There's an old joke about the drunk who's hunting for his lost keys under the lamppost, not because he thinks they're there, but because the light is good. Well, that's what the feds and state governments are doing to try to quell the epidemic of opioid addiction and overdoses.
The problem is quite real, but legislators and regulators are making incorrect assumptions and adopting flawed strategies. And then, there are some flawed clinical studies and statements by the U.S. surgeon general that conspire to create misunderstanding of the landscape.
For a start, the problem isn't currently prescribed opioids, such as fentanyl, morphine, oxycodone, and hydrocodone. A study published earlier this year in the New England Journal of Medicine found that from 2012 to 2017, a time when the overdose death rate was markedly accelerating, the rate of opioid prescriptions in patients who had not previously used opioids fell 54%, a decline driven by a decreasing number of prescribers.

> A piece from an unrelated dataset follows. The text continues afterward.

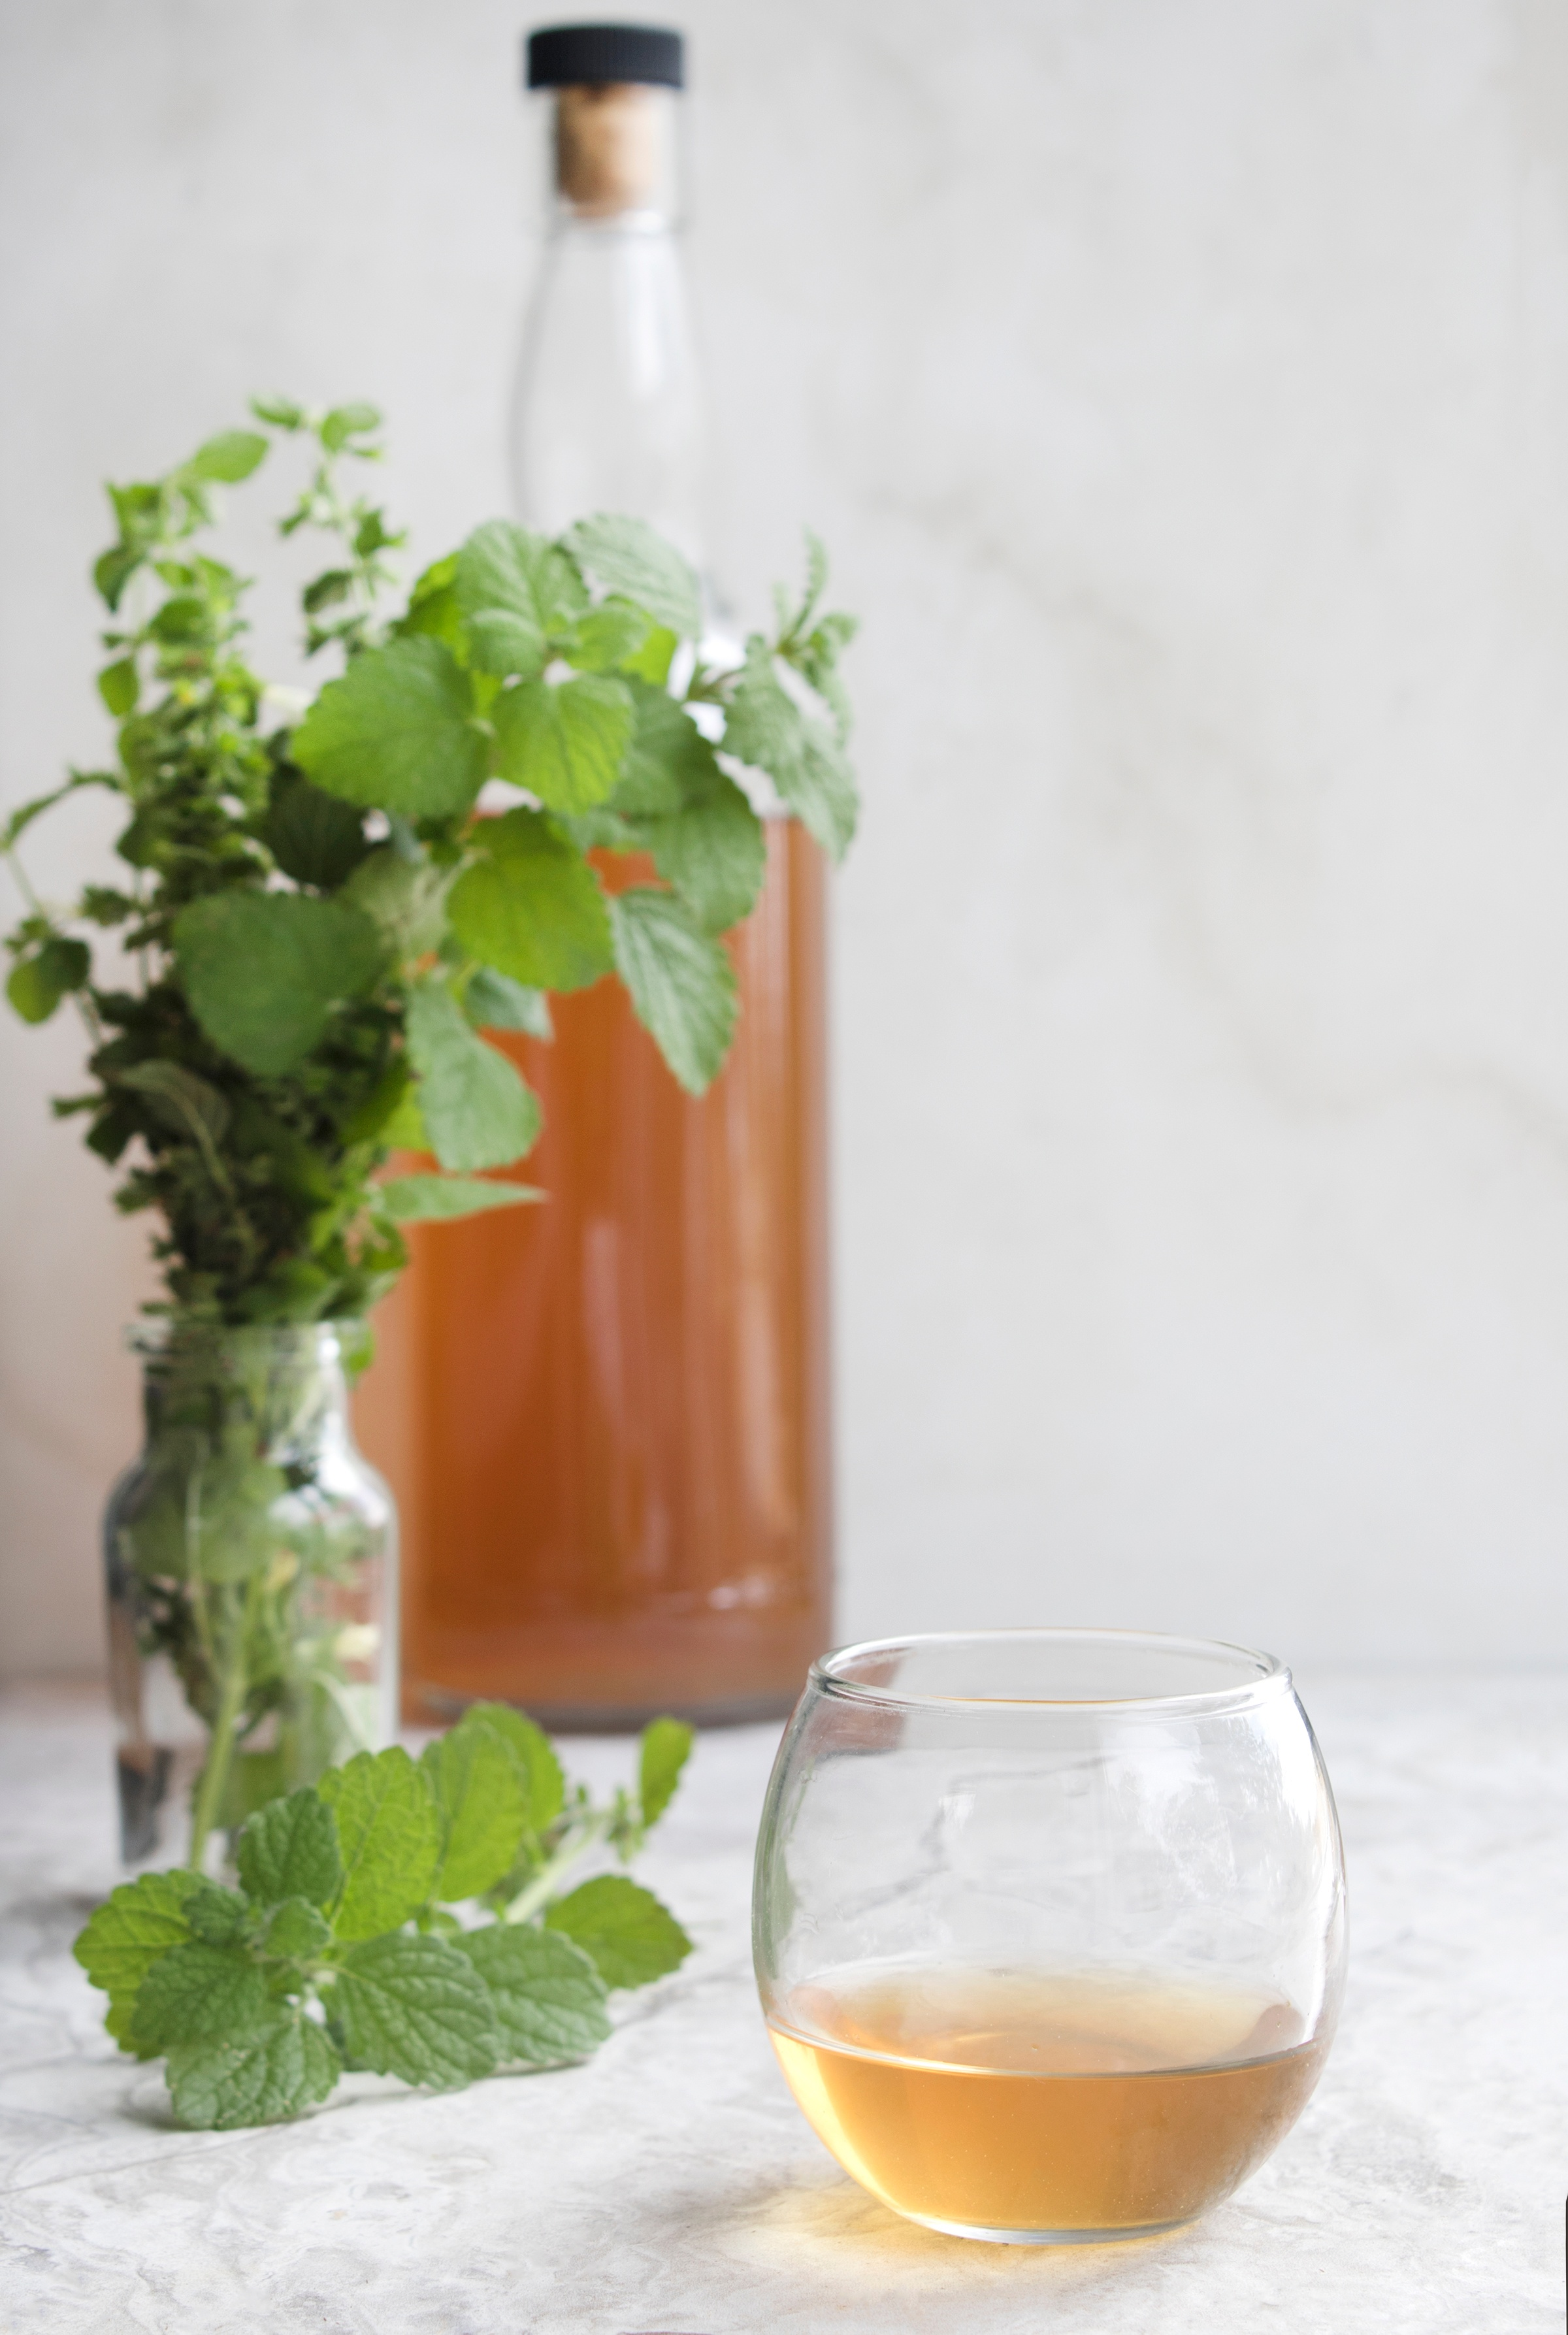 Clear globe glass holding Carmelite water near fresh lemon balm with bottle of amber liquid behind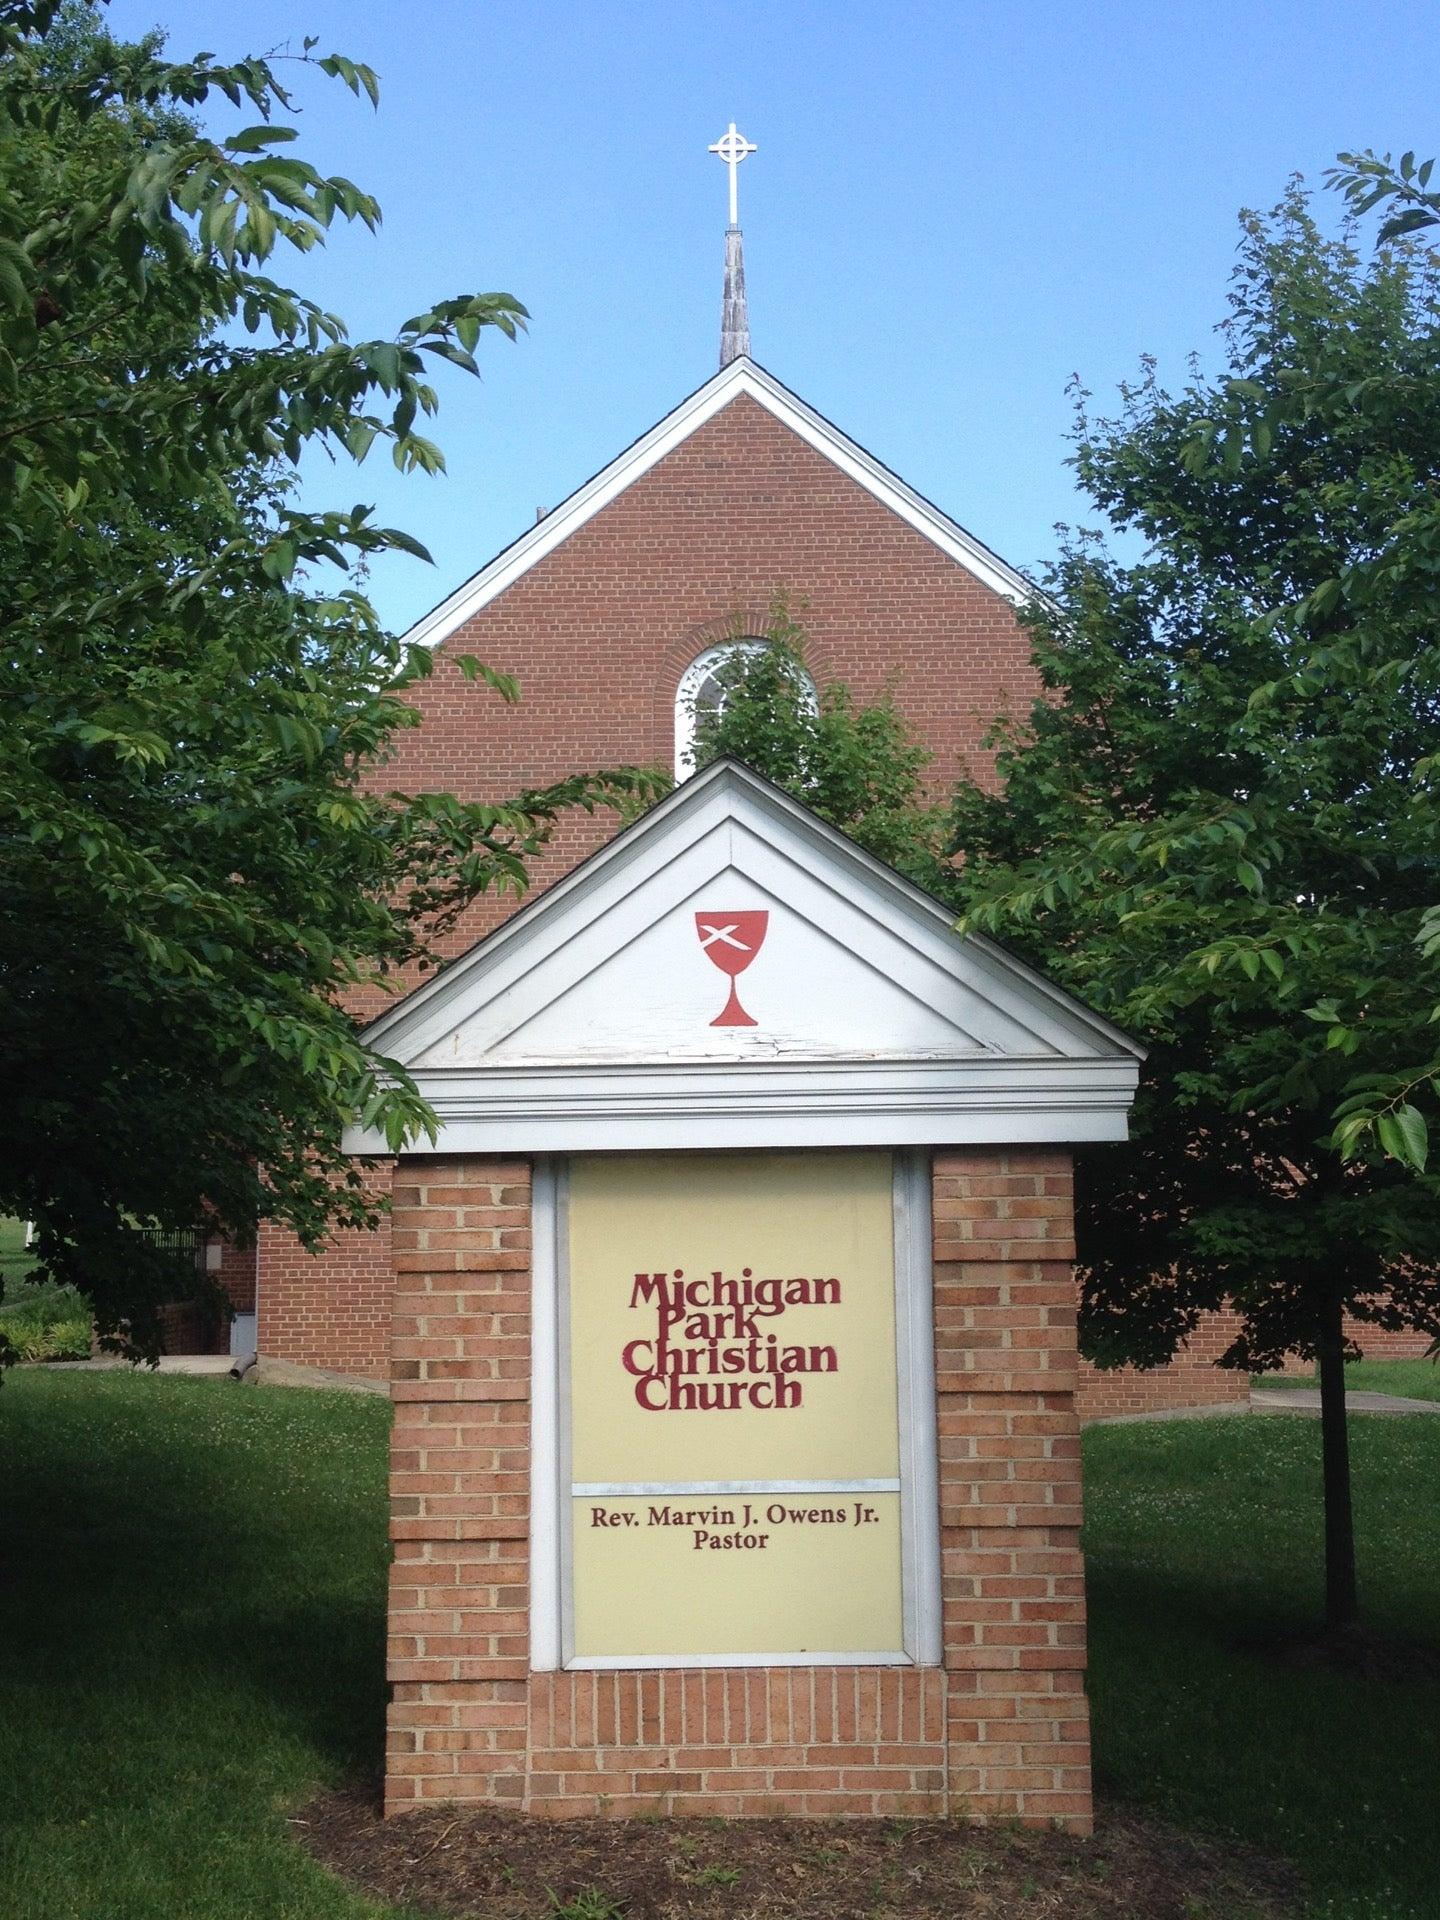 Michigan Park Christian Church,

More evidence was provided by a February article in the journal JAMA, which concluded that "under current conditions, the opioid overdose crisis is expected to worsen — with the annual number of opioid overdose deaths projected to reach nearly 82,000 by 2025, resulting in approximately 700,000 deaths from 2016 to 2025." But here's the rub: In the predictive model, preventing prescription opioid misuse alone would have only a modest effect — a few percent — on lowering overall opioid overdose deaths in the near future.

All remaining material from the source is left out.